BRUSSELS – Beware of czars bearing gifts. It is sound advice for Turkish President Recep Tayyip Erdoğan, as he tries to leverage his rapprochement with Russian President Vladimir Putin in his relations with the West.
Erdoğan’s meeting with Putin in St. Petersburg this month was ostensibly focused on burying the hatchet after Turkey shot down a Russian warplane near its border with Syria last year. But the Kremlin seems to view the visit as an opportunity to convince Erdoğan to “turn east” and join Russia, as well as China and the countries of Central Asia, in a kind of brotherhood of autocracies. The question is whether Erdoğan actually plans to take up the offer.
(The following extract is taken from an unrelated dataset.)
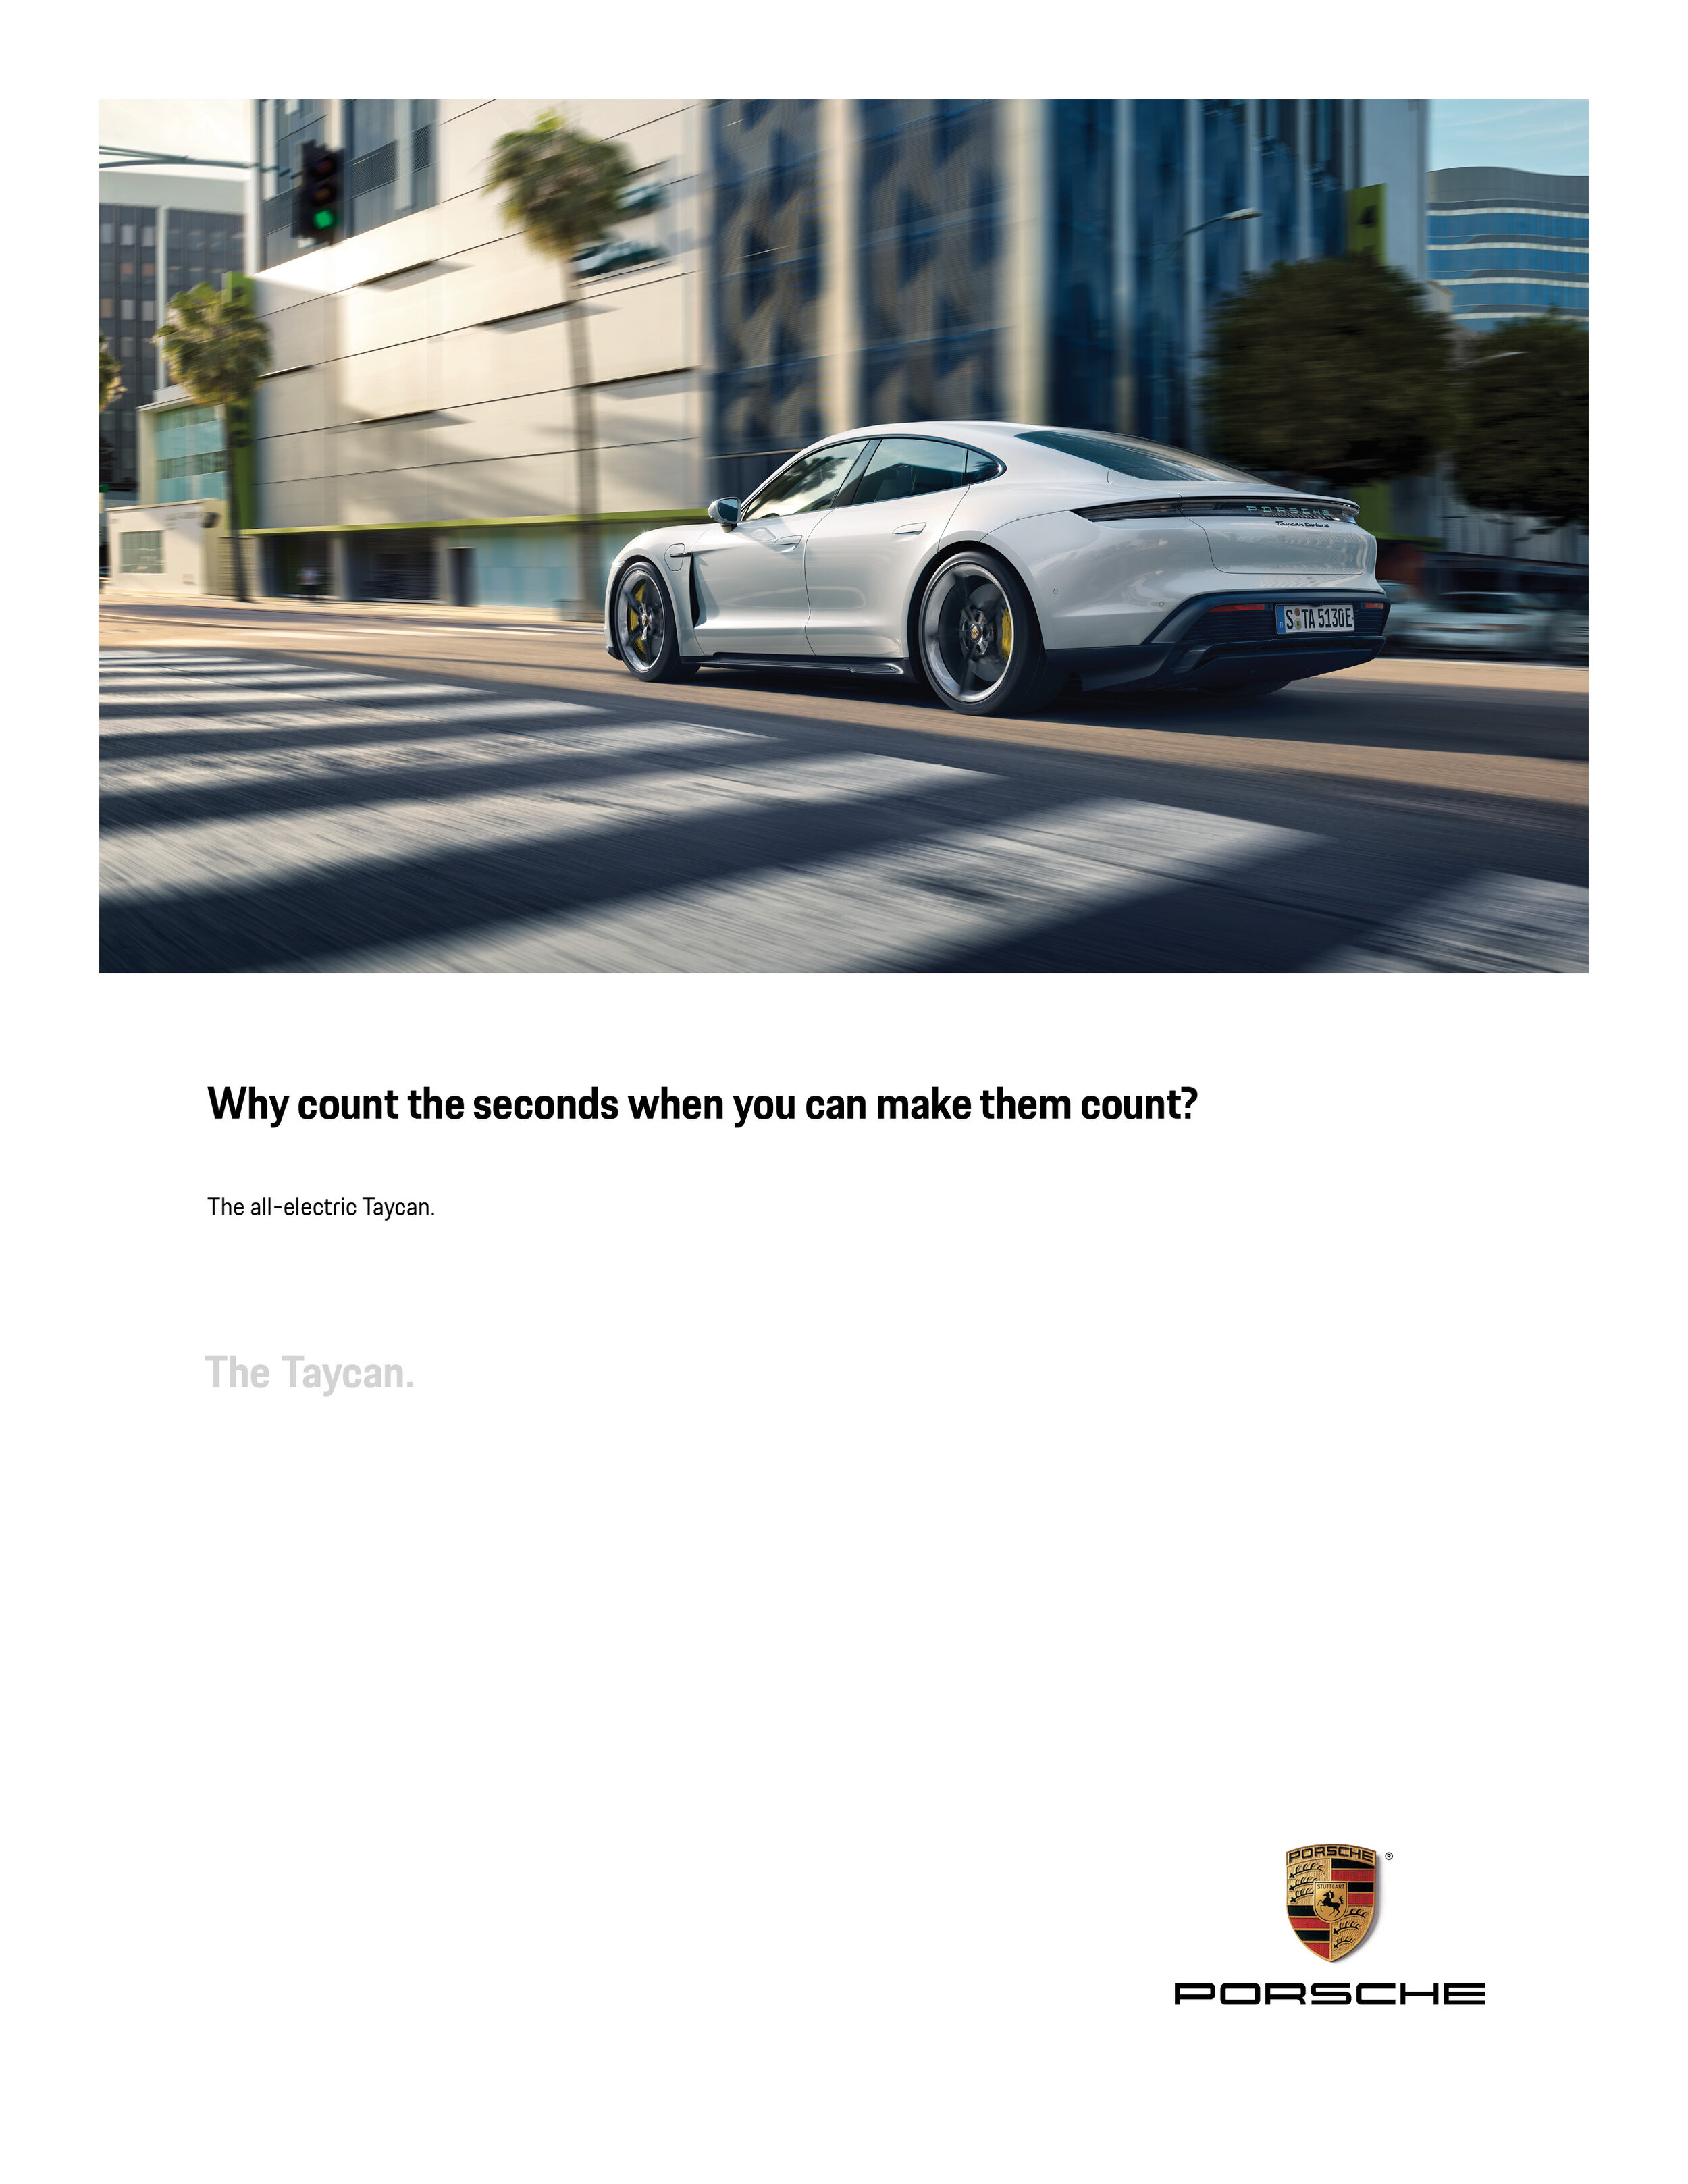 Porsche-Print10.jpg

Erdoğan certainly put on a show with Putin, promising friendship and cooperation. In doing so, he sent his Western allies – which have criticized the arrests of thousands of perceived opponents, including many journalists, following last month’s failed military coup – a powerful message: “I don’t need you.” Putin, by contrast, was the first world leader to call for support for Erdoğan’s government after the coup, which perhaps explains why Russia was Erdoğan’s first destination after the dust had settled.
To be sure, Erdoğan may simply have been seizing an ideal opportunity to boost Turkey’s own security and that of the region. After all, it is in nobody’s interest – least of all NATO’s – to have Turkey and Russia at each other’s throats.